At some point, with little fanfare, the kitchen staff emerged and loaded the bar top with a steaming cast iron pot of chicken and dumplings, cornbread, cucumber and onion salad, and bananas foster bread pudding. The waitstaff brought plates and joined in, family style, serving themselves and sitting together at back tables. Conversation flowed across tables, stories were shared, and it truly felt like a family dinner. 
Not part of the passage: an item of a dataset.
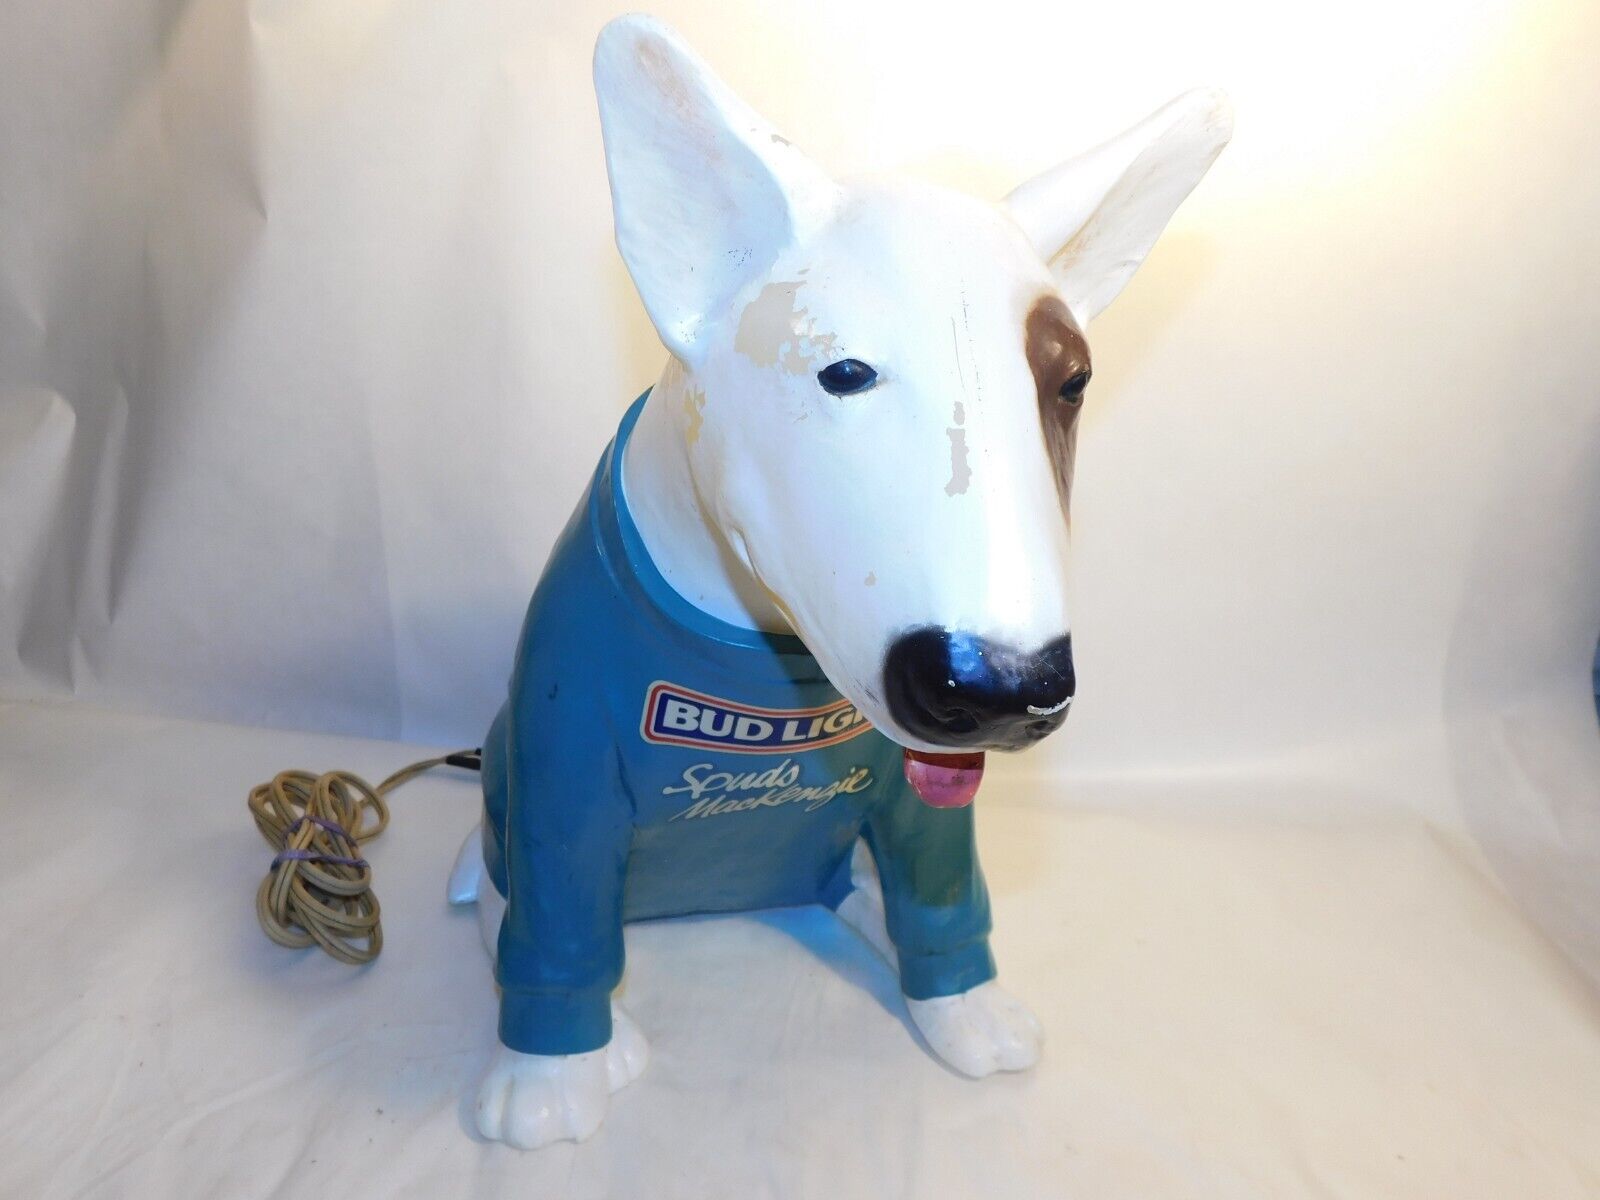 Vintage 1986 Bud Light Spuds Mackenzie Blow Mold Bar Lamp Working (replaced cord
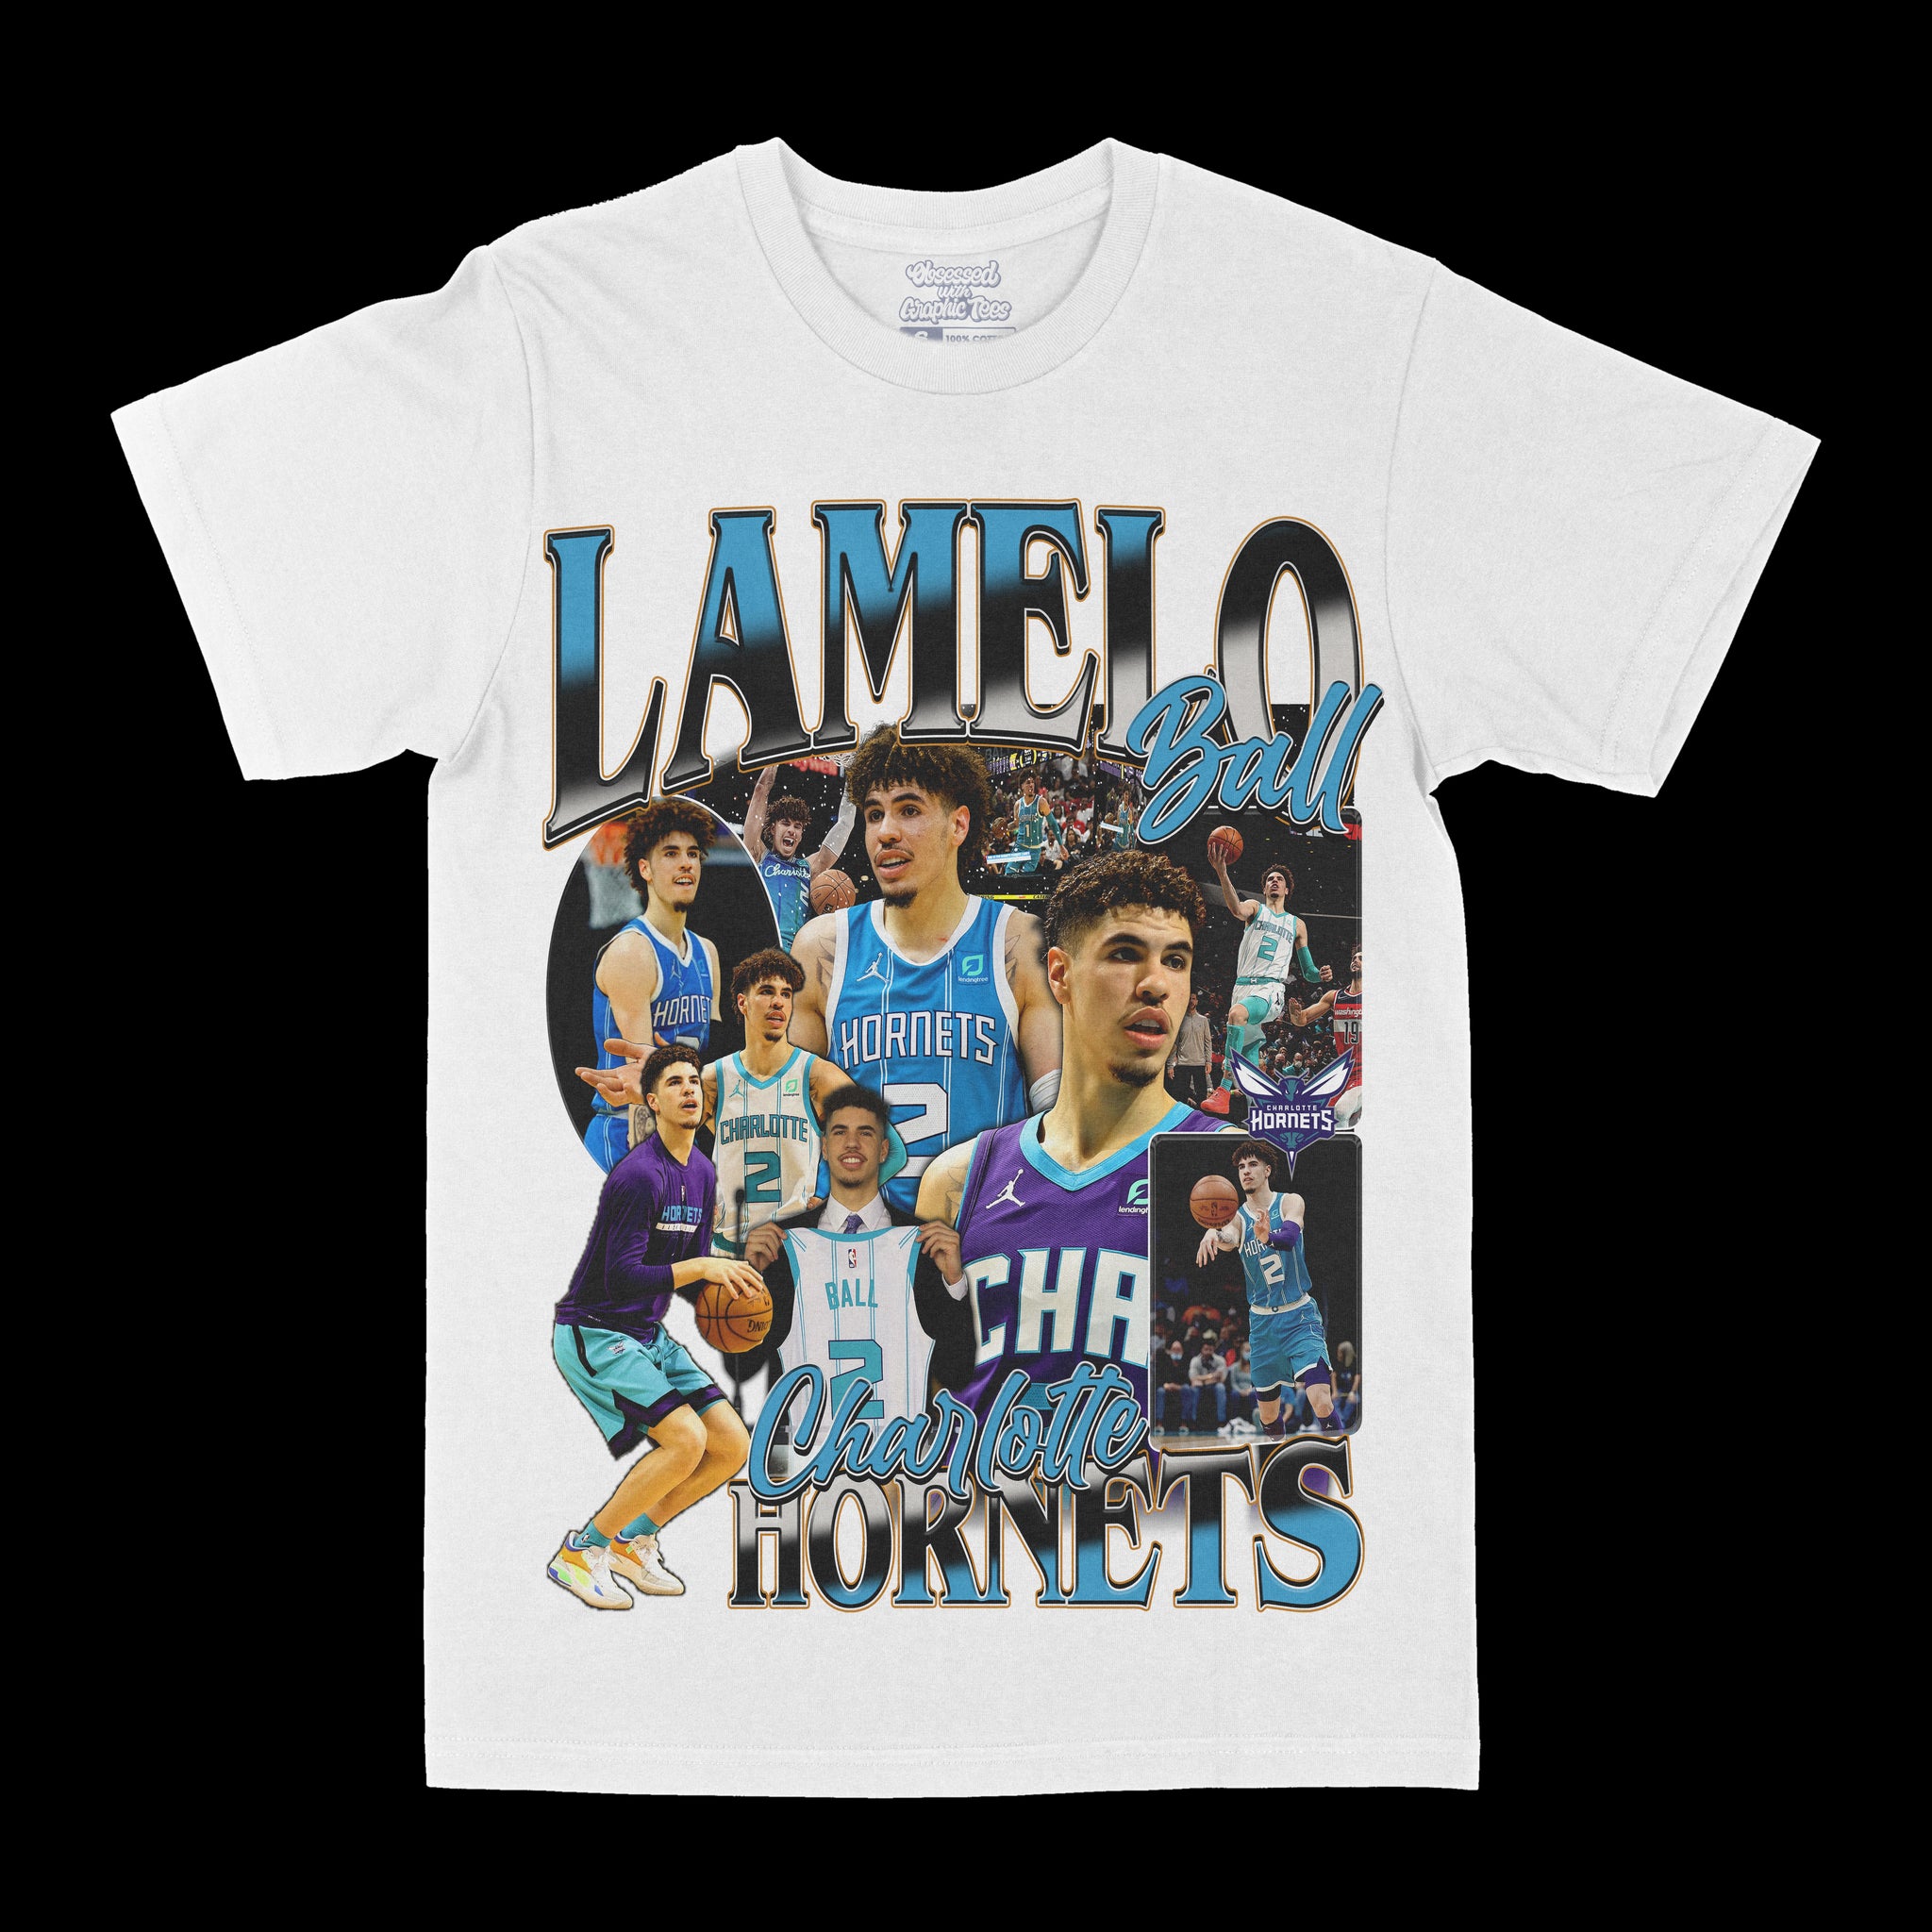 Lamelo Ball "Charlotte Hornets" Graphic Tee

The chicken and dumplings were unlike any I have experienced. The chicken was loosely shredded and the consistency was that of a rich stew. The moist cornbread acted as the dumplings, sopping the juices, and the fresh cucumber and onion salad with herbes de Provence, added a bright note. I overindulged a bit on the main course, but left a little room to sample the bread pudding, fortunately, as it was crispy on the outer edges and custardy on the inside with chunks of banana, and then drizzled with the brown sugar rum sauce and a dollop of freshly whipped cream.

Looking around at the assembled team, I could not help but think about the importance of culture to business, particularly in the restaurant industry where staff is working together, in a swiftly paced environment, as a team. While I loved the solitude of my clamwich, at Friendly's, and realize there is no down-time in that type of fast-casual environment, I have to wonder what the impact would have been, if we could have taken 20 minutes each day to break bread together.

As the staff finished eating, they swiftly cleared the tables and the bar, and within moments, the tempo again changed to the feeling you get ten minutes before anyone shows up to your party - a little excited energy, a bit of last minute movement to complete lingering tasks and a delicious quiet that is guaranteed to transform momentarily.  Everyone was ready, in the groove, satiated by a great meal and inspired by their team.